Apaçiler düşmanı tanımanın ona misilleme yapmaktan ve kan dökmekten daha önemli olduğunu anladılar.

       Cochisa bir diplomat gibi insanlarının hakları için mücadele etti. Cochisa’nın tarihe geçmiş çok önemli sözleri vardır.O öldüğü zaman savaşcılarının bir günden daha uzun bir süre acılarını anlatan çığlıklar attığı söylenir.Federal hükümet Cochisa ölünce onun liderliğini yaptığı yerlilerle olan anlaşmayı bozdu ve onları dağlık ülkelerden boş, düz , kuru Arizona çölüne sürdü.Pek çoğu gitmeyi reddetti. Bu reddedenler ise Florida’da hapsedildi, yada Oklahoma’da tüberküloz ve diğer hastalıklardan  öldüler.Pekçoğu ancak uzun yıllar sonra bulundukları kamplardan çıkarılıp topraklarına gönderildi.               

GERENİMO

Geronimo'nun eşi ve küçük oğlu

Chiricahua Apache(1829-1909)

Gerenimo Apaçileri Apaçi değerlerine göre şekillendirdi, yönlendirdi.Onlar zorluklara karşı cesaretle göğüs germeyi Gerenimo’yla yeniden buldular.
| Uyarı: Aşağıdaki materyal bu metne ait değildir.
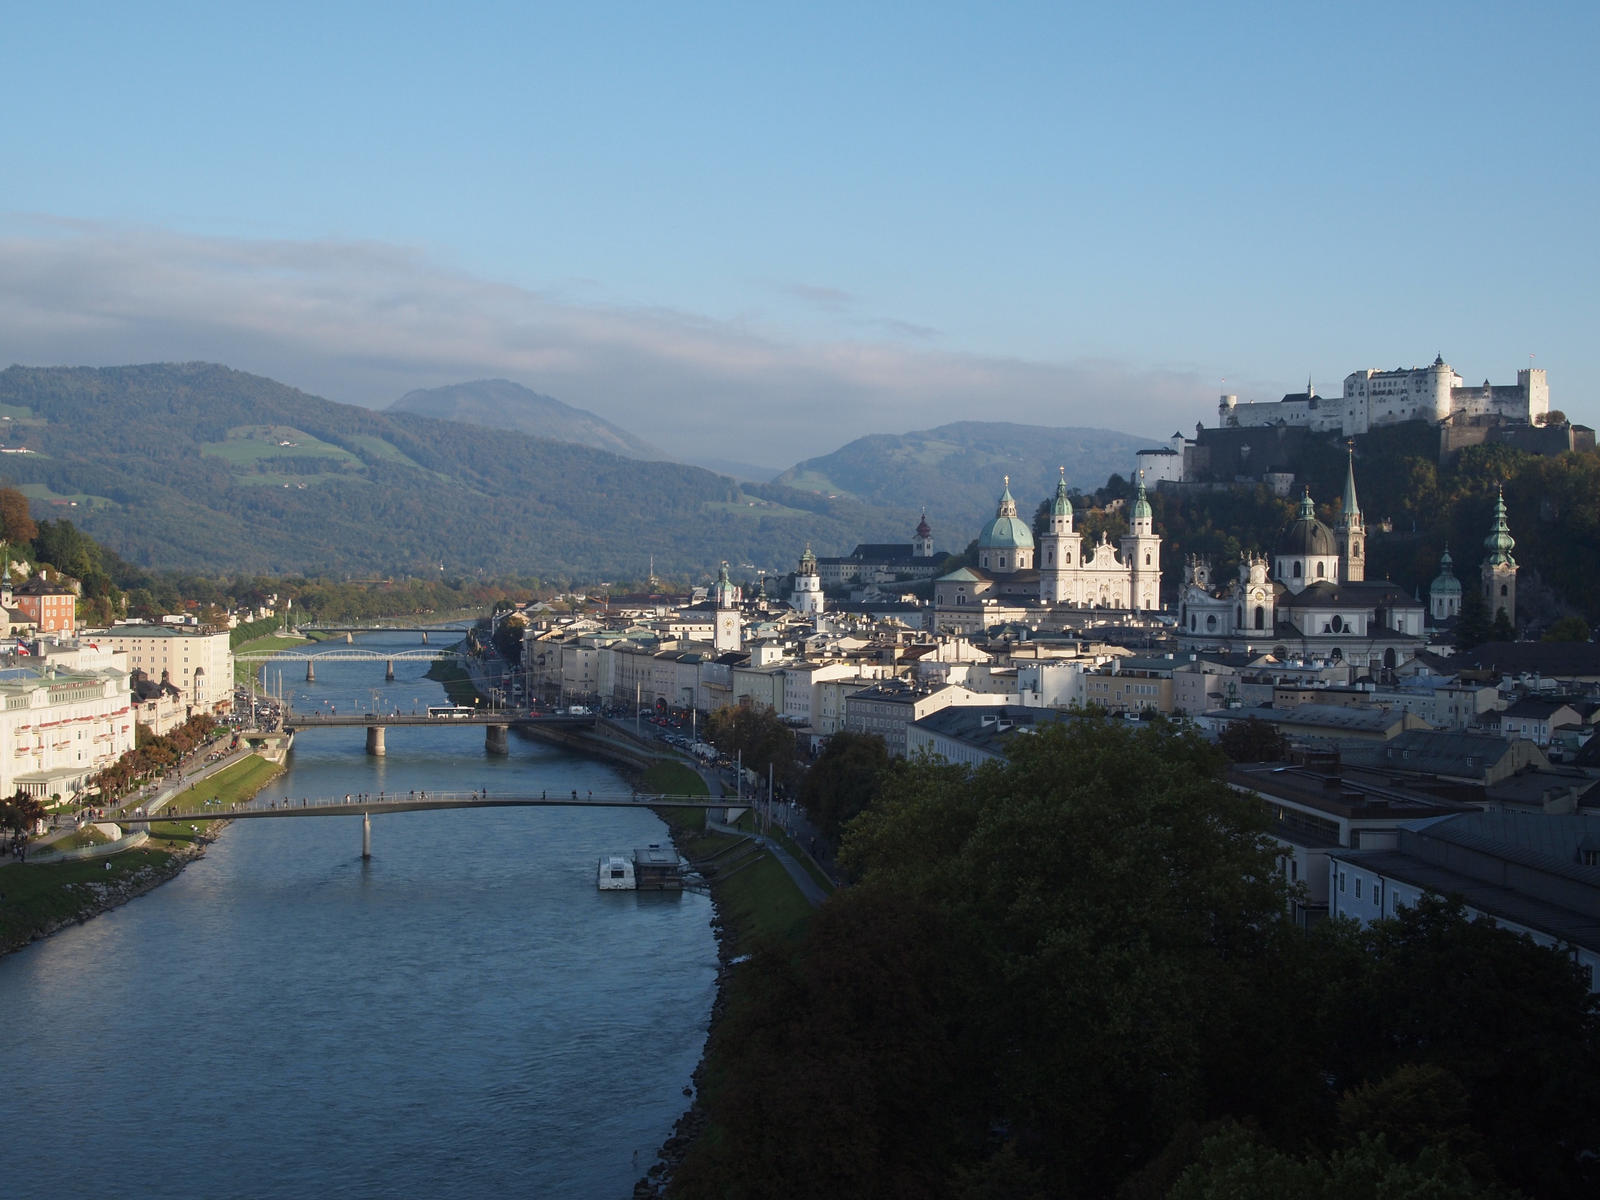 City of Salzburg 2nd

Chiricahuas’lar mevsimlere göre sık sık yer değiştirirdi.Avcılık ve çiftçilik yapabilecekleri döneme ve yere göre göç yaparlardı.Eğer hiç yiyecek bulamazlarsa sık sık onlara yakın olan başka kabilelere saldırırlardı.Saldırmak ve kendine yapılanın öcünü almak bu bölge kabileleri arasında onurlu bir davranış biçimi sayılırdı.

      Amerika’nın bu bölgelerine beyez  yerleşimcilerin ulaşmasıyla, bu bölgeye de İspanyollar geldi. İspanyollar Hristiyandı ve Kızılderilileri köle olarak görüyorlar ve onlara hıristiyanlığı kabul ettirmek istiyorlardı.Cerenimo’nun genç karısı ve çocuğu ispanyollar tarafından öldürüldü. Ve bir rivayete göre o yapabildiği kadar beyaz öldürmeye yemin etti.

       1876’da Amerika Ordusu  Chiricahua’ları bir kızılderili kampına taşımayı denedi .Fakat Gerenimo Meksika’ya kaçtı.O beyazlar tarafından korku saçan bir Apaçi olarak tanıtıldı.Yaptığı şeyler abartılı bir biçimde yansıtıldı.Askerler onu yakalaya bilmek için çok büyük mücadeleler verdiler.Mücadelenin son 5 ayında 5000 asker ve 500 keşifci izlerini takip ederek Gerenimoya ve kampına ulaştı. O ve adamları teslim olmaya zorlandılar.Ve sonunda yakalandı Arizona’ya geri gitmeyi umdu ama Gerenimo ve adamları Florida St. Augustine’ye nakledildi. Nakledildikleri yerde çoğu sıtma ve tüberkülozdan öldü.

     Gerenimo bir daha büyük bir aşkla sevdiği topraklarını göremedi.Arizona’da yıllar sonra federal hükümetin hapsettiği kampta bir mahkum olarak öldü.